The Boy, in his time, has been brought
in contact with many famous men and women; but upon
nothing in his whole experience does he look back
now with greater satisfaction than upon his slight
intercourse with the first great man he ever knew.
Quite a little lad, he was staying at the Pulaski
House in Savannah, in 1853 perhaps it was
in 1855 when his father told him to observe
particularly the old gentleman with the spectacles,
who occupied a seat at their table in the public dining-room;
for, he said, the time would come when The Boy would
be very proud to say that he had breakfasted, and
dined, and supped with Mr. Thackeray. He had
no idea who, or what, Mr. Thackeray was; but his father
considered him a great man, and that was enough for
The Boy. He did pay particular attention to Mr.
Thackeray, with his eyes and his ears; and one morning
Mr. Thackeray paid a little attention to him, of which
he is proud, indeed. Mr. Thackeray took The Boy
between his knees, and asked his name, and what he
intended to be when he grew up. He replied, “A
farmer, sir.” Why, he cannot imagine, for
he never had the slightest inclination towards a farmer’s
life. And then Mr. Thackeray put his gentle hand
upon The Boy’s little red head, and said:
“Whatever you are, try to be a good one.”

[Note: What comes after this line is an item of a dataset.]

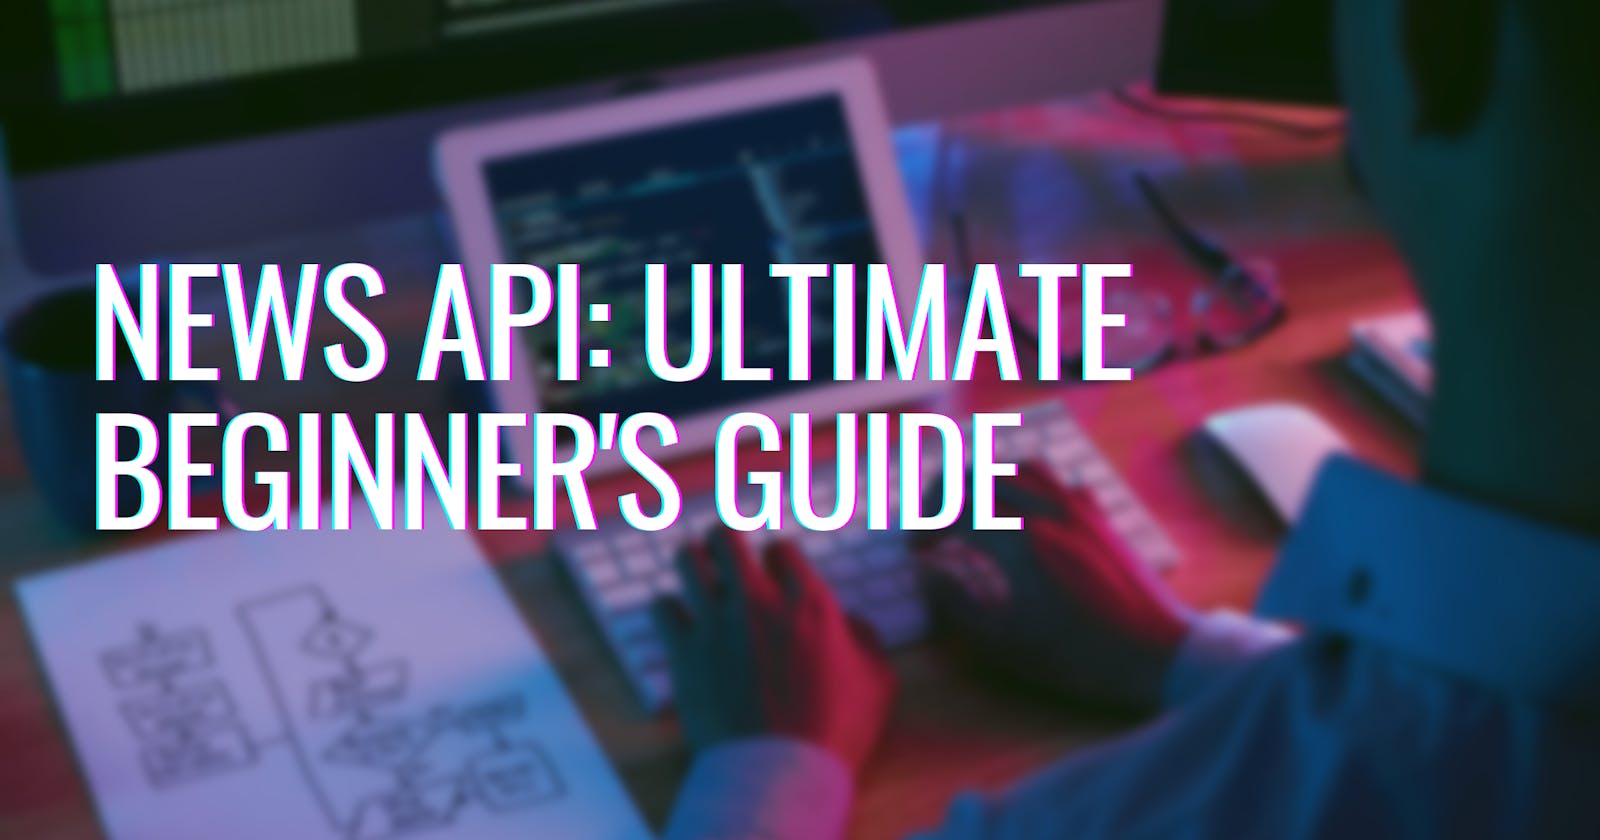 News API: Ultimate Beginner’s guide

To have been blessed by Thackeray
is a distinction The Boy would not exchange for any
niche in the Temple of Literary Fame; no laurel crown
he could ever receive would be able to obliterate,
or to equal, the sense of Thackeray’s touch;
and if there be any virtue in the laying on of hands
The Boy can only hope that a little of it has descended
upon him.
And whatever The Boy is, he has tried,
for Thackeray’s sake, “to be a good one!”